● SUPPLIED INFORMATION

***

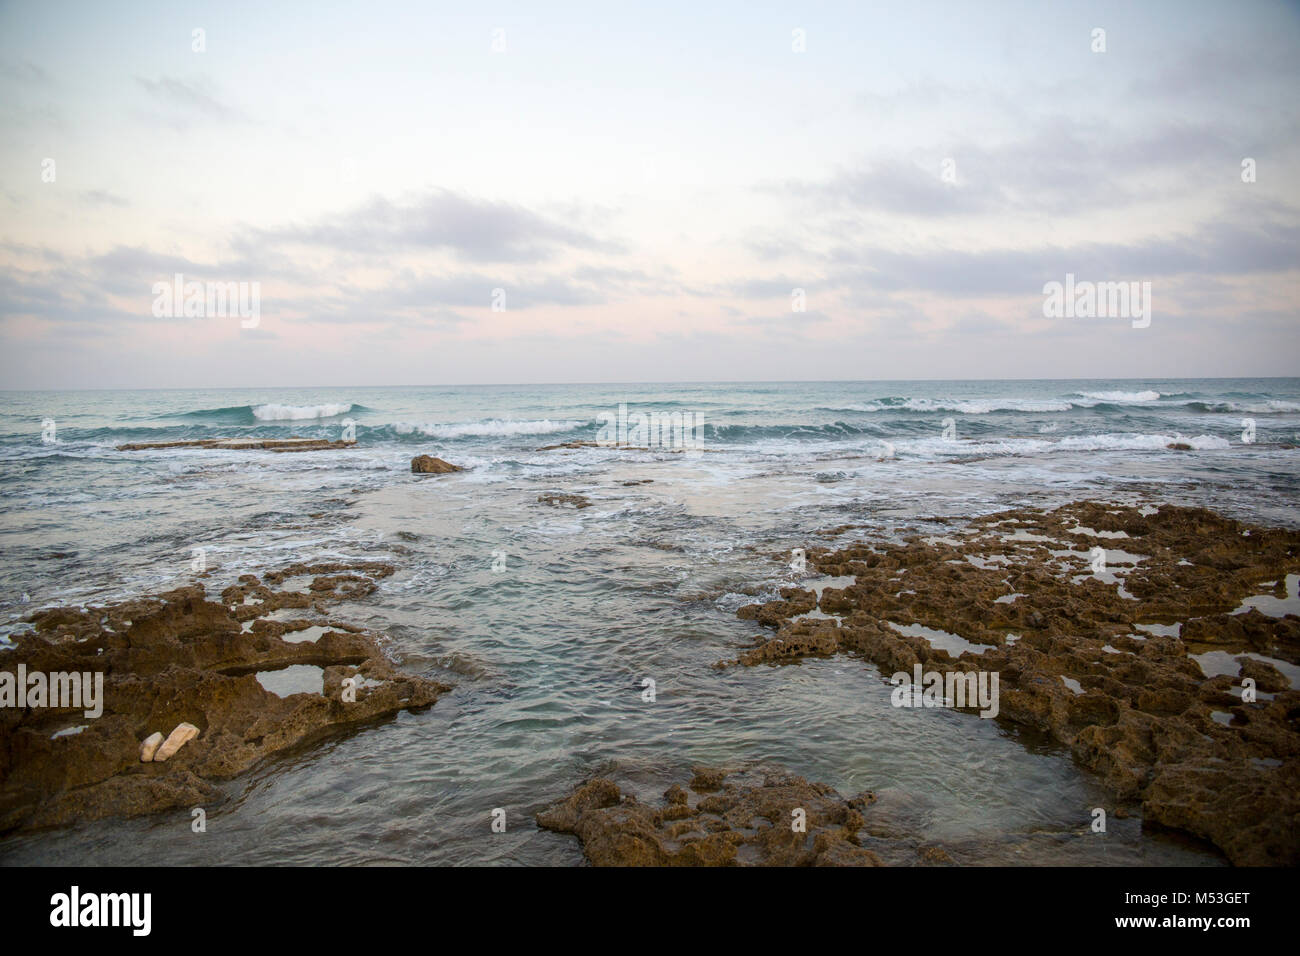 Roches et sable sur les fonds marins photographiés en Israël Banque D'Images
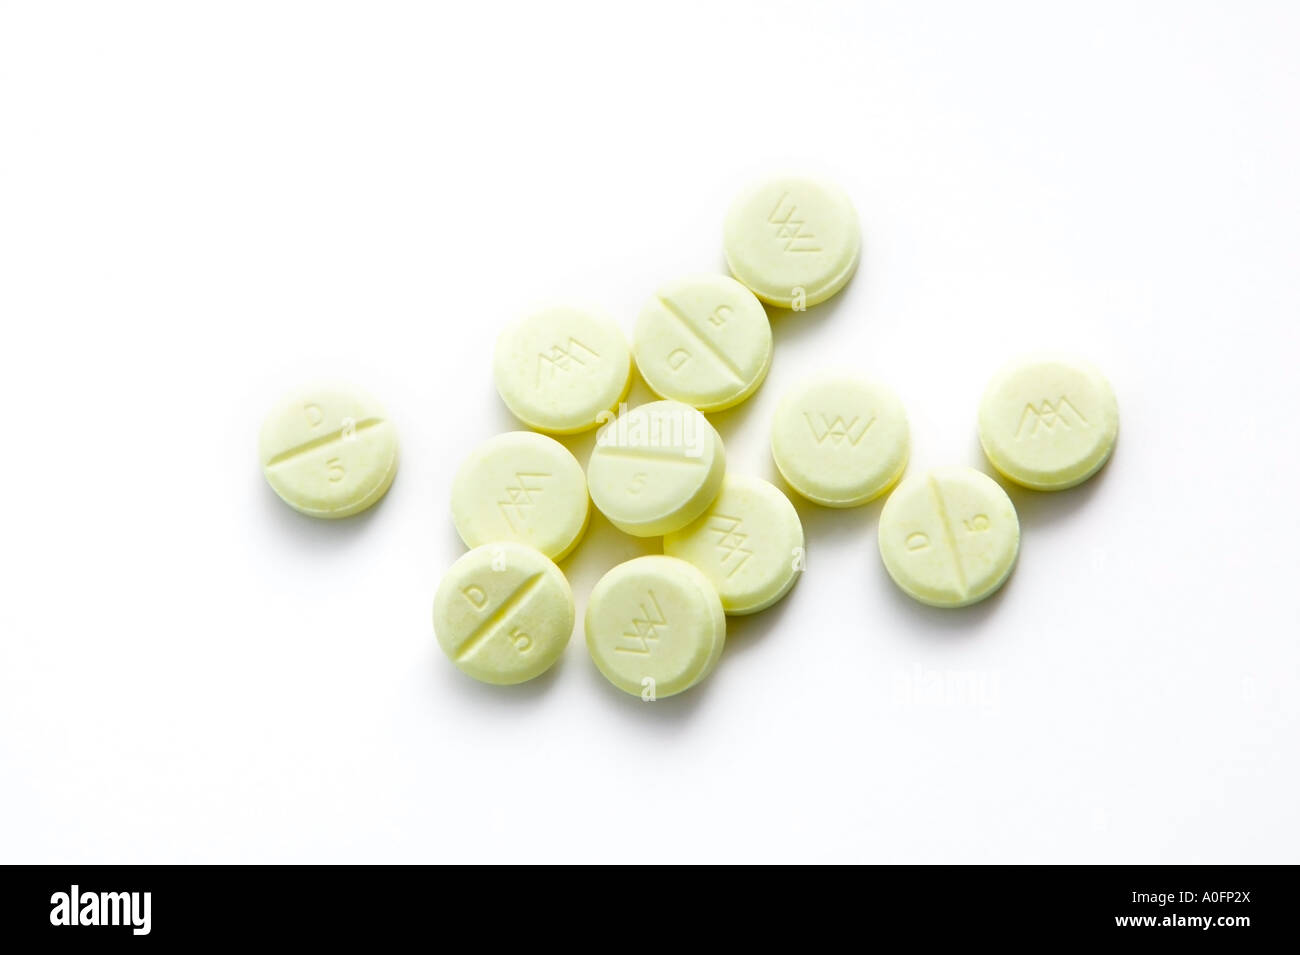 5 pastilla mg diazepam
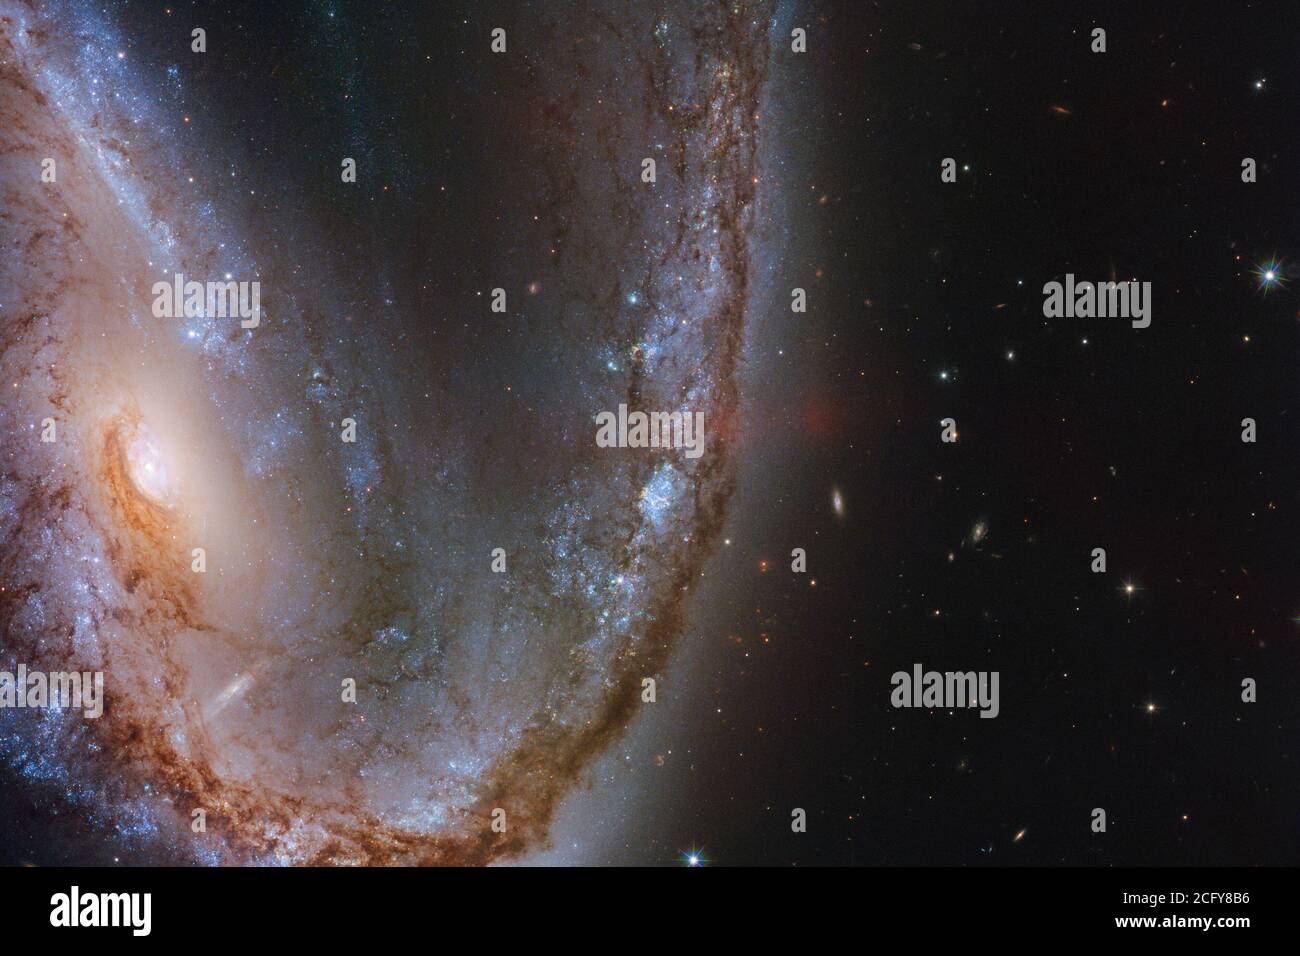 Cette image du télescope spatial Hubble NASA/ESA présente la spectaculaire galaxie NGC 2442, surnommée la galaxie Meathook en raison de sa forme extraordinairement asymétrique et irrégulière. Cette galaxie a été l'hôte d'une explosion de supernova repérée en mars 2015, connue sous le nom de SN 2015F, créée par une étoile naine blanche. La naine blanche faisait partie d'un système binaire d'étoiles et siphonne la masse de son compagnon, devenant finalement trop gourmande et prenant sur plus qu'elle ne pourrait gérer. Ce déséquilibre de l'étoile et déclenché une fusion nucléaire galopante qui a finalement conduit à une explosion de supernova intensément violente. NASA/ESA Banque D'Images
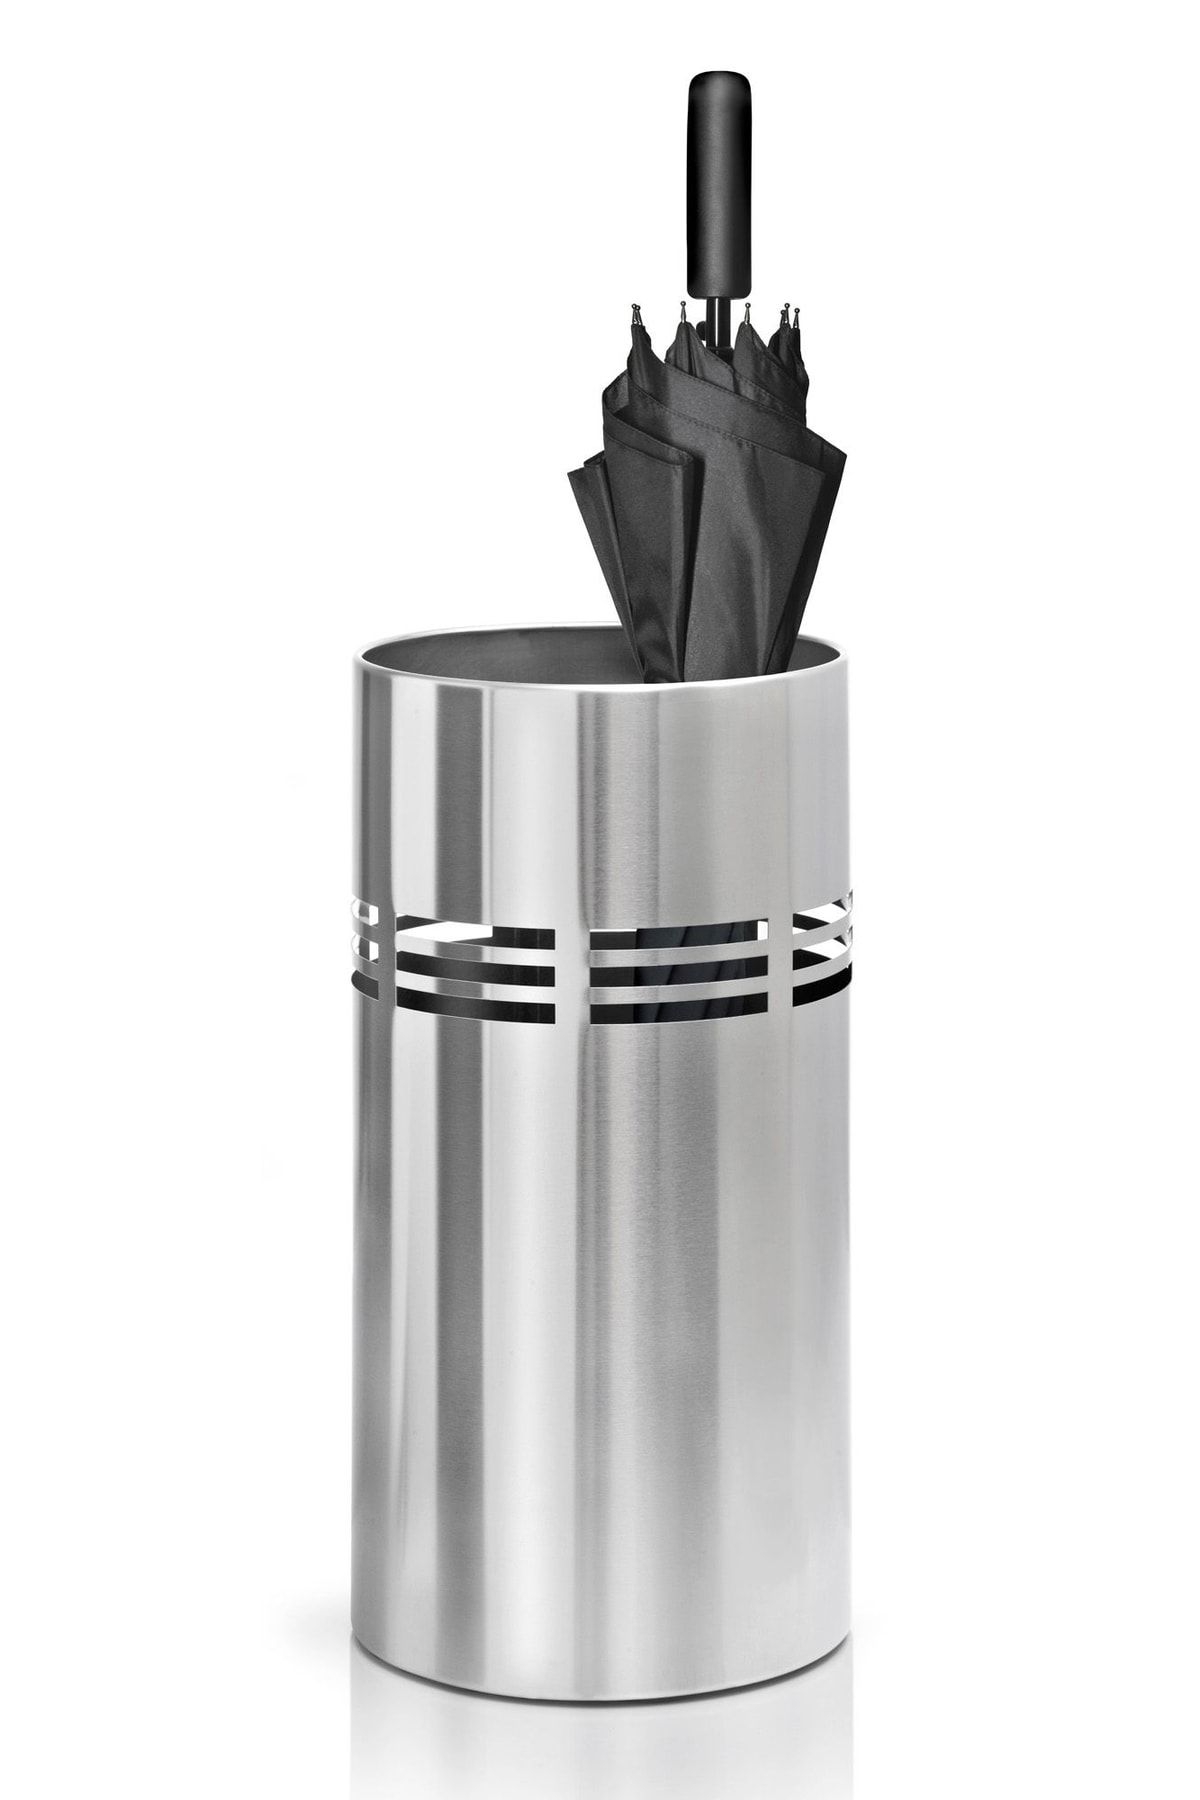 Ovata -106 Paslanmaz Çelik, Metal Tasarım Şemsiyelik

***

● WORK INSTRUCTIONS
Starting at the top of the listing above, reproduce each line up to and including the one with "5 pastilla mg diazepam"; omit the pictures.

● ANSWER
 Roches et sable sur les fonds marins photographiés en Israël Banque D'Images
 5 pastilla mg diazepam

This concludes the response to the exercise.